Neighbor yards also have ornamental steel fences lining the edge of the garden which I found to be very sleek. Depending on my confidence level with molding, casting, and welding, I could attempt to design a fence around the yard as well.
I think adding a bird feeder mechanism would help spruce up the garden and enrich the biodiversity of the area. The wooden feeder could be milled and screwed into the tree. The control panel for electronics could also be added right beneath for protection from rain and snow.
The last mechanical addition I wanted to try was a gravel path in the center that led to the picnic table. This would hopefully reduce foot traffic on the growing plants and add a chic look to the yard.
Electronics & Programming
The core concept of this garden is that it is fully automated and requires limited maintenance, perhaps once a year for some trimming.
This requires an electronic irrigation mechanism powered by via microcontroller and sensors. Moisture sensors in the soil could provide information on humidity and indicate the microcontroller to open the solenoid valve. This would allow the soaker hose to water the garden at regular intervals and drought periods.
Additional sensors include photoresistors for sunlight detection, temperature sensors, and flow sensors for leak or failure detection. The photoresistors could also be used to turn on string lights hung above the picnic table for when it gets dark. The bird feeder could also have motion sensors to time the dispensing of seeds for wildlife.

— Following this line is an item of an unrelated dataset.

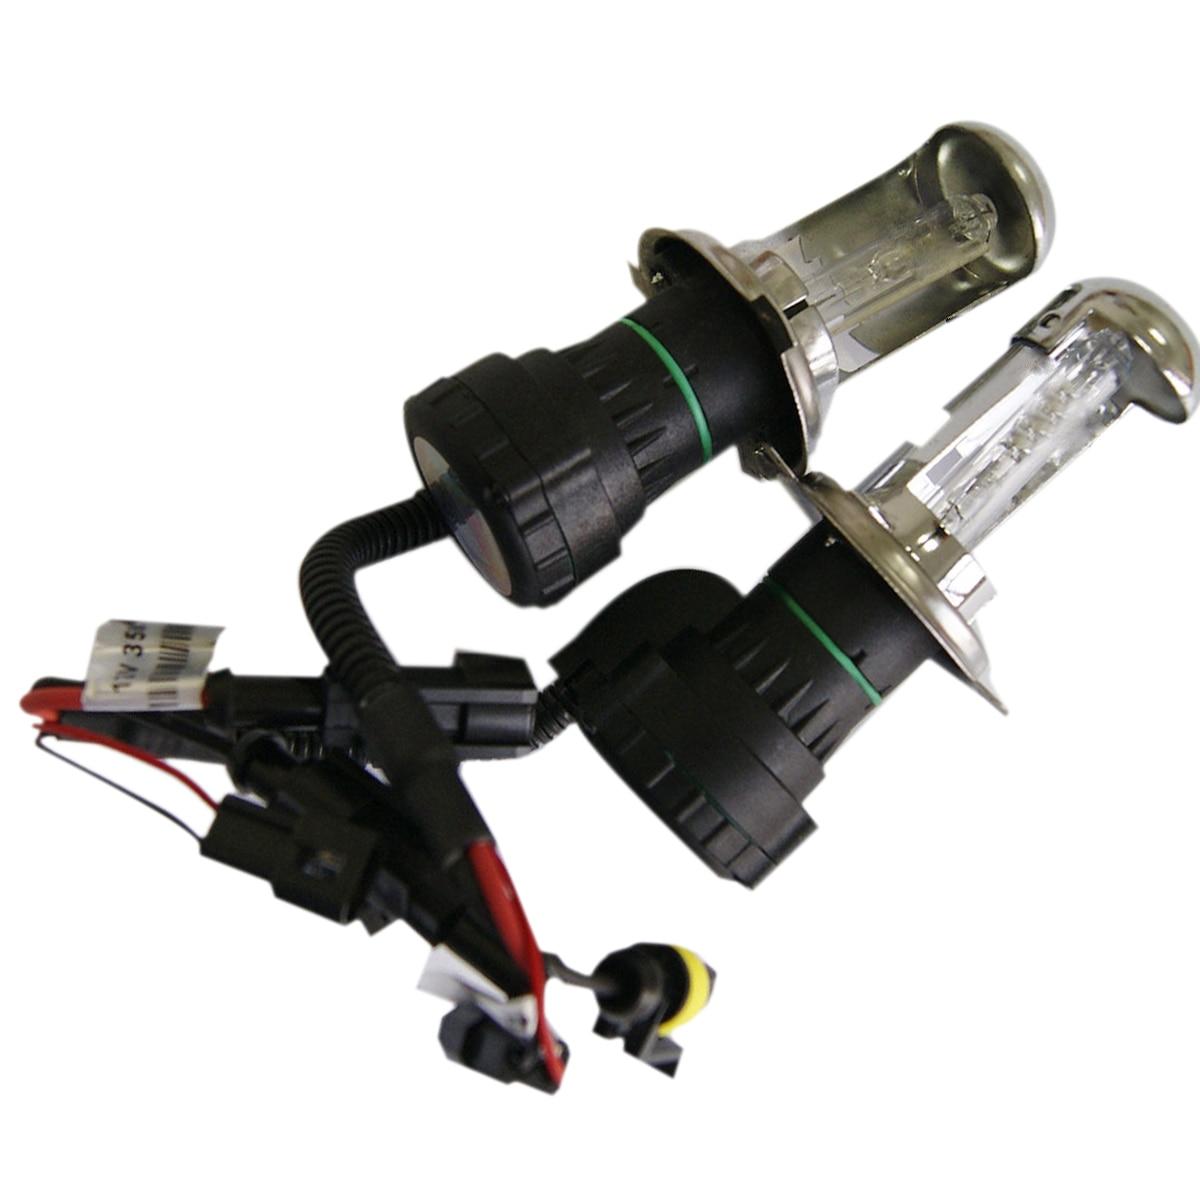 Tonewan 2X H4-3 Xenon 12v 35W H4 xenon HID For Car Headlight Replacement lamps Bulb light H4 Xenon Hi/Lo Beam 3000K-12000K

The programming logic required could be kept quite simple: when the moisture level falls below a threshold, the valve is opened and the garden is watered for a set interval. Similarly, the lights can come on at a given darkness and the bird feeder could dispense food when motion is recognized.
Modeling
I utilized Notability to make a sketch for my planned garden layout. I focused on flower ornaments for the gravel pathway, and strong brushes lining the fence for durability.
Fusion software helped me visualize my bird feeder design and understand the parameters I would have to work with given available sensors. The project did not have extensive CAD potential given the heavier electronics & programming workload.
Summary
I am hoping this garden project comes to fruition (no pun intended :). This would challenge me technically, give me a sense of fulfillment by helping my community, and teach me about nature and plant nourishment. Depending on bureaucratic procedures with contractors / landlords / local government this project could involve more paperwork than desired. I still believe it is worth it and so I really want to give it a shot!